4. The method for displaying an irregularly shaped screen according to claim 2, characterized in that, The step of filling the pixel cells of the central display area with the playback source data includes: The size information of the playback source data is adjusted according to the side length and side width of the central display area; The adjusted playback source data is then filled into the pixel cells of the central display area.

5. The method for displaying an irregularly shaped screen according to claim 3, characterized in that, The step of filling the background data into the pixel cells of the edge display area includes: The filling data is extracted from the background data; The filling data is then filled into the first edge sub-region to the eighth edge sub-region, respectively.

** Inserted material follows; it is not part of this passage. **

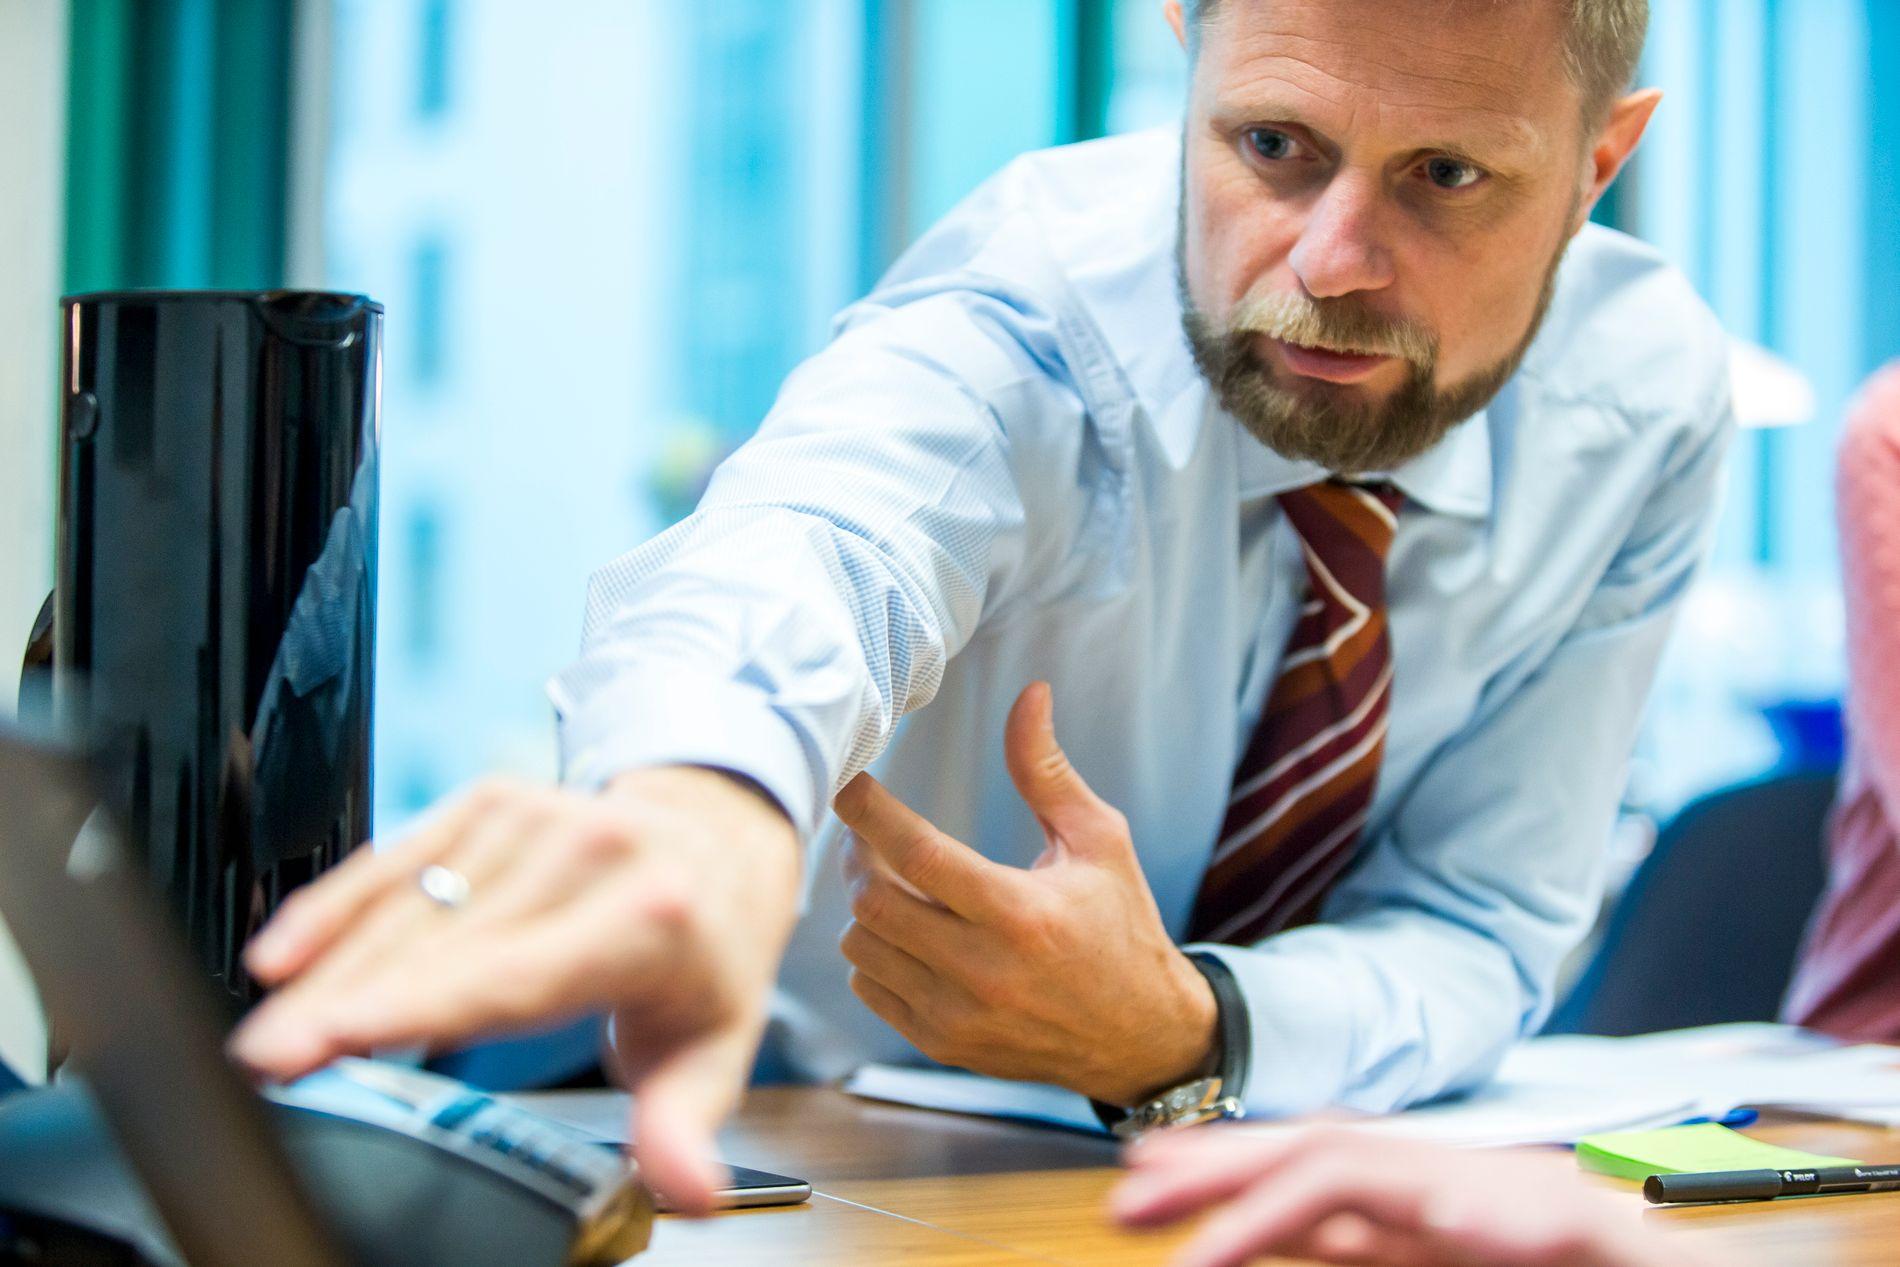 HELSESJEF: Bent Høie har reagert kraftig på VGs avsløringer om ulovlig tvangsbruk i norsk psykiatri.

6. The method for displaying an irregularly shaped screen according to claim 5, characterized in that, The step of extracting fill data from the background data includes: With the coordinates Starting from a pre-defined sorting algorithm, background data adjacent to the first edge sub-region is determined, and the background data adjacent to the first edge sub-region is the filling data.

7. The method for displaying an irregularly shaped screen according to claim 5, characterized in that, The step of filling the background data into the pixel cells of the edge display area further includes: Extract texture data and overlay it onto the first edge sub-region after filling.

8. A display device for an irregularly shaped screen, characterized in that, include: The division / determination module is used to determine the shape information of the irregular screen, divide the display area of ​​the irregular screen into a central display area based on the shape information, divide the display area into an edge display area based on the central display area, and determine the pixel cells of the central display area and the edge display area; The acquisition / processing module is used to acquire playback source data and process the playback source data. The extraction module is used to extract the background data of the playback screen based on the infrared image and grayscale image of the playback source data; A filling module is used to fill the pixel cells of the center display area with the playback source data and to fill the pixel cells of the edge display area with the background data; The step of dividing the display area of ​​the irregularly shaped screen into a central display area based on the shape information includes: Determine a preset pixel starting point and obtain the coordinates of the preset pixel starting point. The preset pixel starting point is located at the edge of the irregularly shaped screen; Based on traversing the edge pixel cells of the irregularly shaped screen and the In Construct the longest side length; based on the edge pixel cells of the irregularly shaped screen and the... In Construct the longest side width; The area is determined by the side length and the side width, and the maximum area is determined by the MAX function. The area corresponding to the maximum area is the central display area. The step of extracting background data of the playback screen based on the infrared image and grayscale image of the playback source data includes: The infrared image and grayscale image of the playback source data are acquired, and the infrared image and grayscale image are registered to obtain the target image; The feature data of the target image is extracted, and the background data is extracted using the feature data, which includes texture, contour, and corner points.